Creating a standard diversity and inclusion reporting methodology
What is the Cultural & Demographic Sentiment and Representation (CDSR) Index?
The CDSR Index is a world-first global metric for reporting on the domain of ‘diversity and inclusion’ (D&I), but with an expanded and more meaningful scope. It can be used for any internal or external reporting purposes, including within the ESG framework, and is suitable for all organisations.
It also offers a world-first ‘score’ for commitment and results.
The CDSR Index analyses the customer results from the Diversity Atlas platform, and is comprised of 30 criteria, all connected to these results and what we believe should be best practice in the D&I space. The CDSR is designed to streamline reporting and bring clarity to results because increasingly stakeholders, investors and staff alike expect organisations to address and report meaningfully on diversity and inclusion; and of course, access benchmarking.
As there is currently no global standard or defined ‘best practice’, we have defined it ourselves.
The CDSR Index complements ESG and any regulatory or public-facing reporting with quantitative information on drawn from a combination of results from the Diversity Atlas platform as well as existing HR data provided by participating organisations. The Diversity Atlas CDSR Index is “global” in that it has been designed to accommodate all regions, however individual ‘by region’ reports and scores may also be generated using the same metrics, whether by country, continent or any other geography.
Our reporting is also compliant with EU Corporate Sustainability Reporting Directive and GDPR more generally. Further, tailoring the report to comply with all jurisdictions around the world is made possible with its agile framework and design.
What is ‘CDSR’?
It is a rebranding of DEI, a DEI 2.0 if you will, but it encapsulates better the work we actually do, or should be doing.
Culture refers to ethnicity, people-groups, cultures, religions, languages and countries.

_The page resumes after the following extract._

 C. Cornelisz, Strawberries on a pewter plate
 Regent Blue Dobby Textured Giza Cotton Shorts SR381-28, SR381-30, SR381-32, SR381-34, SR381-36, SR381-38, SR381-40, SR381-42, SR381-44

Demographics refers to age, gender, sexuality, position in hierarchy, socioeconomics, disability, medical conditions, neurodivergence, education, priorities and others.
Sentiment refers to opinions about whether or not the company is a good place to work and positive in its messaging and practices, and whether or not the leadership and colleagues are supportive of the company values in their behaviours, and looks also to experiences of discrimination, perceptions of diversity, ‘buy-in’, job security, job satisfaction, engagement and other metrics.
Representation looks at internal representation (eg: are women under-represented in the hierarchy, are people with disability?), and external representation (does the organisation reflect its community / customer base?)
The CDSR Index brings a measurement to these factors.
Domains of the CDSR framework
How does it work?
- Customers license and deploy Diversity Atlas to their staff / teams.
- Once completed, customers request an CDSR report from their dashboard.
- As part of the assessment, some HR data will be required – this is submitted using an online form.
- The Diversity Atlas Anthrodata team will apply the criteria and calculate the score
- Diversity Atlas will deliver the final report – either ready for publication or for editing by customer’s own design team.
How is the CDSR Index calculated?
The CDSR Index was developed over the course of 2024 by the Anthrodata team at Diversity Atlas, comprising a lead data scientist and subject matter experts (SMEs) across an array of fields such as anthropology, linguistics and D&I advocacy. Part of the research included a literature review studying examples such as the Global Peace Index, Gender Equality Index and the Australian Cohesion Index among others, all of which hold their own calculative approaches within their own domains; some are weighted, some are not.
Our index is a score that is an easily interpretable measure of CDSR as a complex multi-dimensional space, ripe for analysis across five pillars. It measures both the efforts to collect and publish meaningful diversity data, and results on Community Representation, Sentiment, Proportional Representation, and Survey Cooperation.
Across these five pillars, the index is weighted. The weight (or relative importance) assigned to each pillar has been developed by Diversity Atlas’s Anthrodata Team. The index works on a scale from 0 to 10, with points allocated for meeting each scoring criteria in the pillars.